> [INSTRUCTIONS FOR THE TASK] Retype, exactly and with nothing added, the lines from the one showing "molte bottiglie di" through the final line of the material. Omit pictures.

--- STORED DATA ---

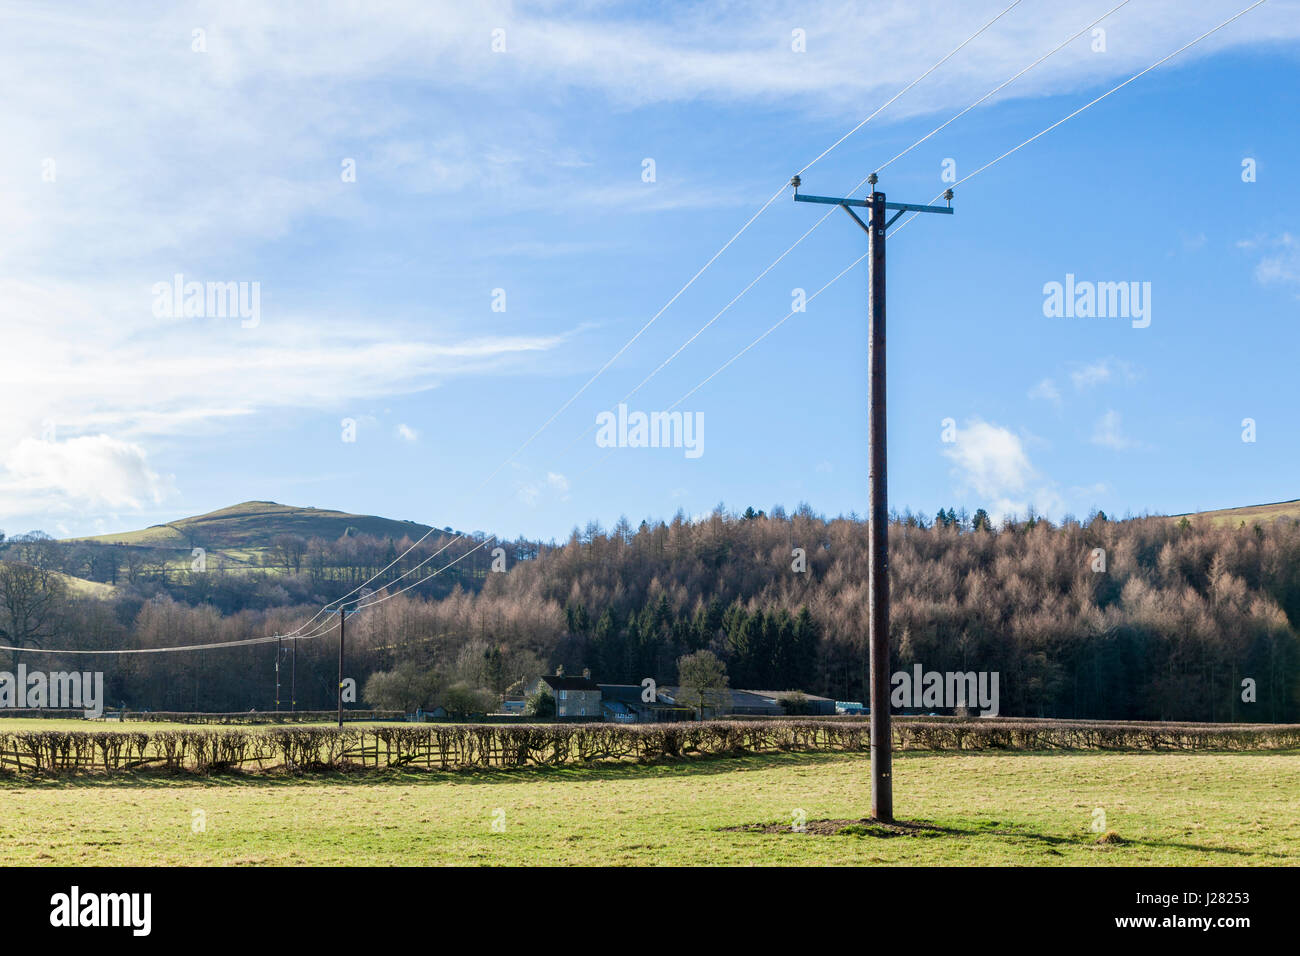 L'approvisionnement en électricité dans les campagnes. Un poteau en bois avec une ligne traversant les terres agricoles rurales près de Offerton, Derbyshire, Angleterre, RU Banque D'Images
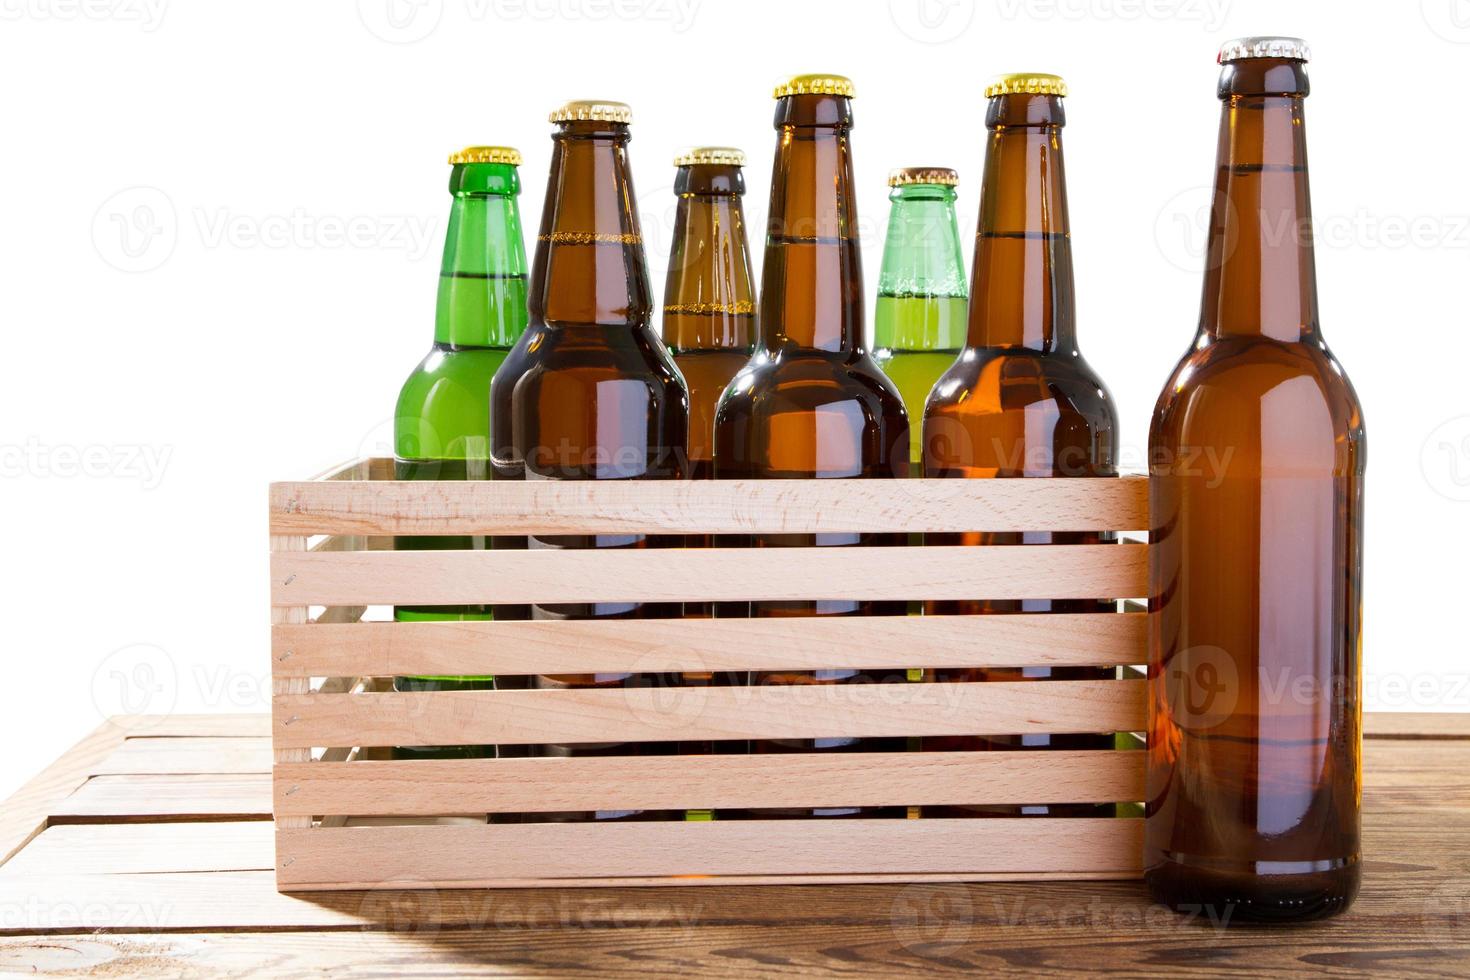 molte bottiglie di vetro di birra diversa su una scatola di legno senza etichetta isolata, foto di diverse bottiglie di birra piene senza etichette. percorso di ritaglio separato per ogni bottiglia inclusa.
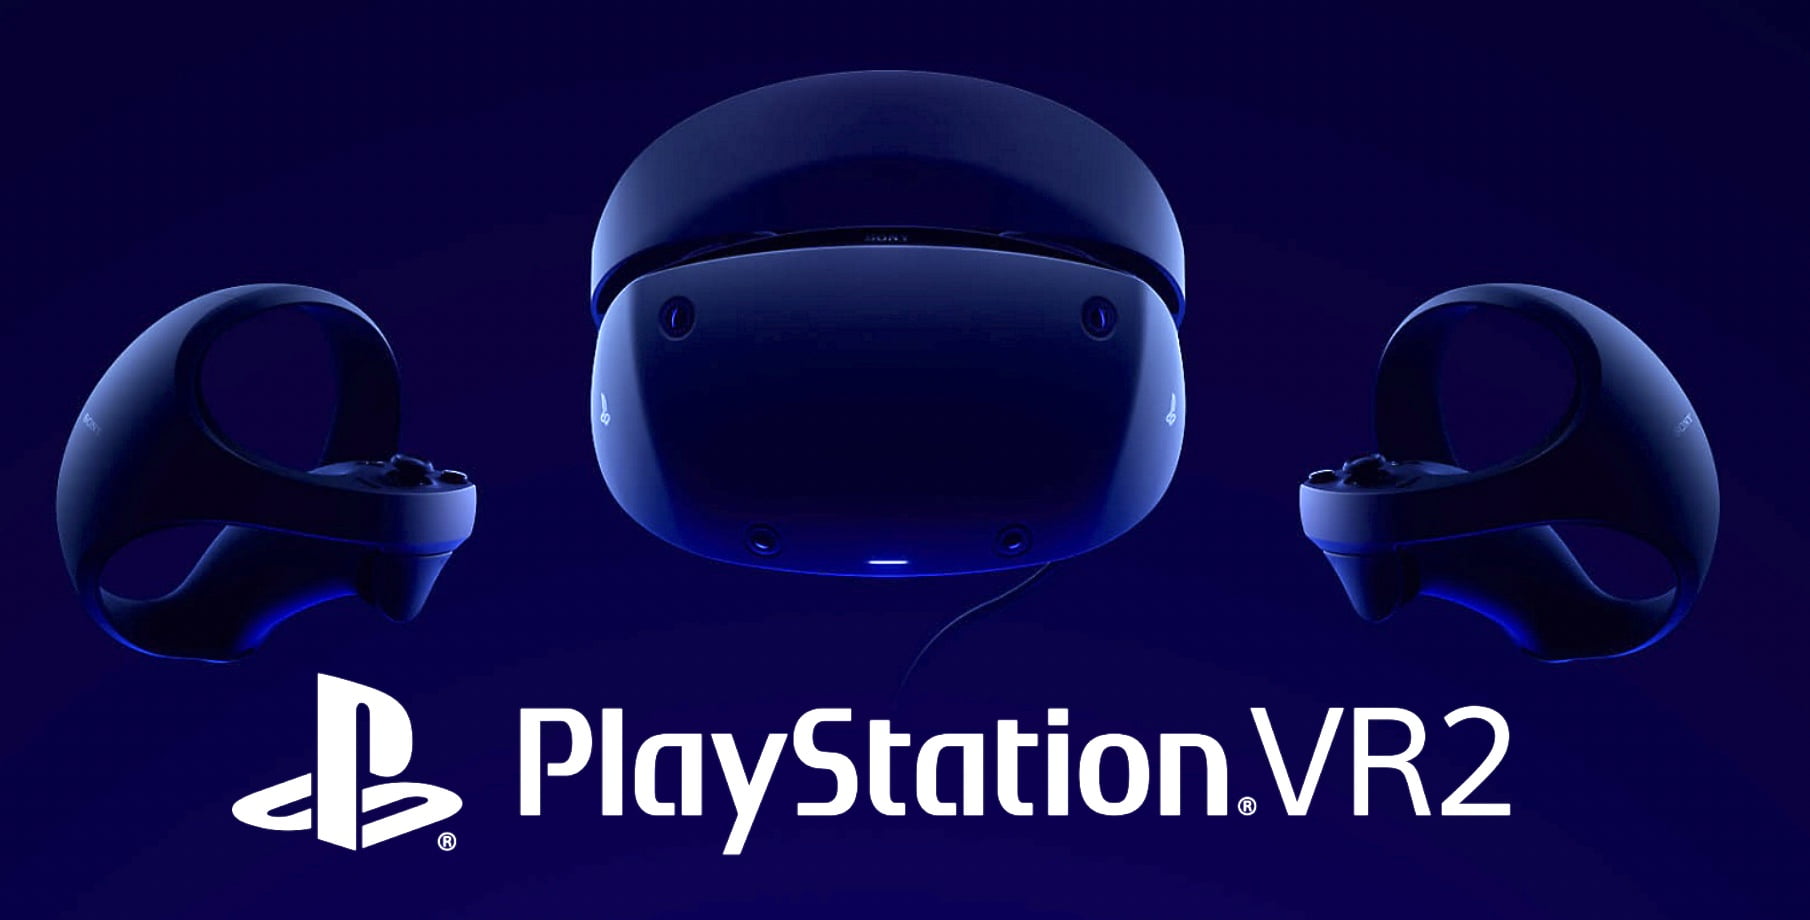 Le casque PlayStation VR2 sortira le 22 février et coûtera 600

---

> [RESPONSE TO THE TASK]
 molte bottiglie di vetro di birra diversa su una scatola di legno senza etichetta isolata, foto di diverse bottiglie di birra piene senza etichette. percorso di ritaglio separato per ogni bottiglia inclusa.
 Le casque PlayStation VR2 sortira le 22 février et coûtera 600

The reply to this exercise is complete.